Achieving endian portability is the purpose of routines like ntohs(), ntohl(), htons(), and htonl(). These functions/macros are defined on a given platform to do the necessary conversions at the sending and receiving ends:
htons() - Convert short value from host order to network order (for sending)
htonl() - Convert long value from host order to network order (for sending)
ntohs() - Convert short value from network order to host order (after receive)
ntohl() - Convert long value from network order to host order (after receive)
Understand that your comment about accessing the memory when cast back to characters has no affect on the actual order of entities in memory. That is, if you access the buffer as a series of bytes, you will see the bytes in whatever order they were actually encoded into memory as, whether you have a BE or LE machine. So if you are looking at a NBO encoded buffer after receive, the MSB is going to be first - always. If you look at the output buffer after your have converted back to host order, if you have BE machine, the byte order will be unchanged. Conversely, on a LE machine, the bytes will all now be reversed in the converted buffer.

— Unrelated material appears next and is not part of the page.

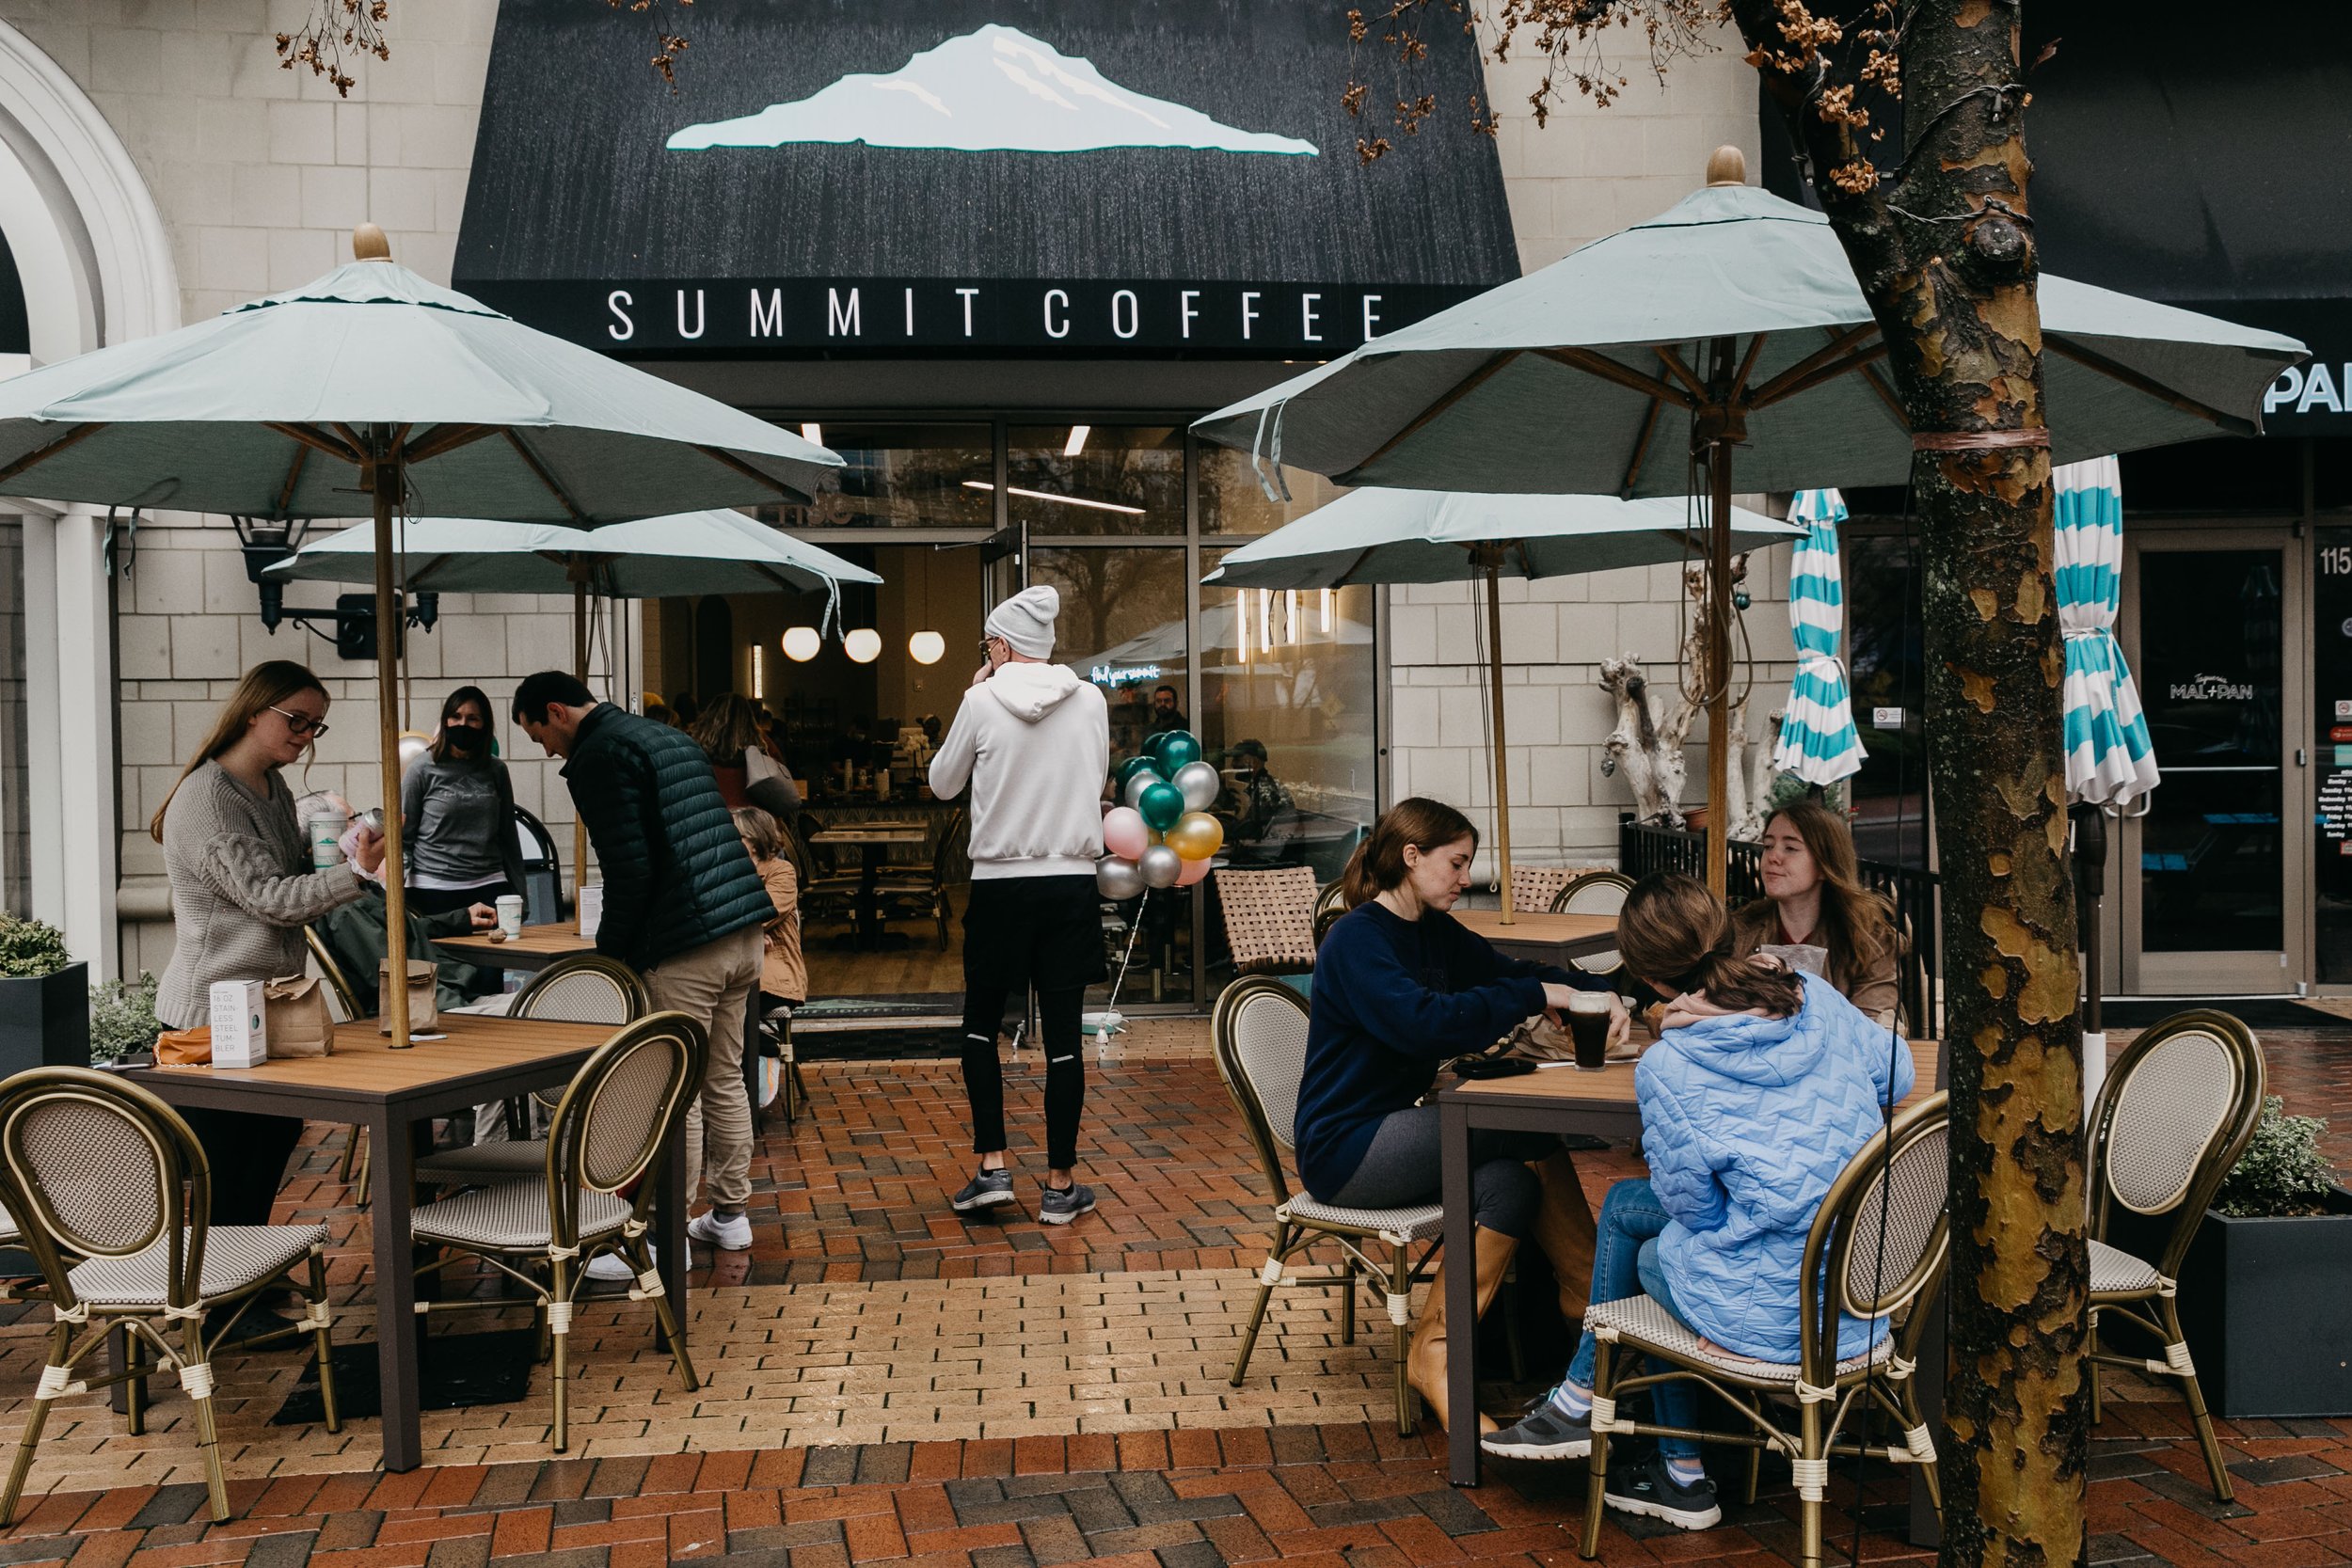 Summit Coffee Co. Website | https://summitcoffee.com/

Finally, in your conversion loop, the variable total refers to bytes. However, you are accessing the buffer as shorts. Your loop guard should not be total, but should be:
total / sizeof( unsigned short )
to account for the double byte nature of each short.
This works ok when I'm treating the data as a short, however if I cast the pointer to a char again the bytes are reversed.
That's what I'd expect.
What am I doing wrong?
You have to know what the sender sent: know whether the data is bytes (which don't need reversing), or shorts or longs (which do).
Google for tutorials associated with the ntohs, htons, and htons APIs.
It's not clear what aResponse represents (string of characters? struct?). Endianness is relevant only for numerical values, not chars. You also need to make sure that at the sender's side, all numerical values are converted from host to network byte-order (hton*).
Apart from your original question (which I think was already answered), you should have a look at your malloc statement. malloc allocates bytes and an unsigned short is most likely to be two bytes.
Your statement should look like:
unsigned short *ptr = (unsigned short*) malloc(total * sizeof(unsigned short));
the network byte order is big endian, so you need to convert it to little endian if you want it to make sense, but if it is only an array it shouldn't make a fuss, how does the sender sends it's data ?
For single byte we might not care about byte ordering.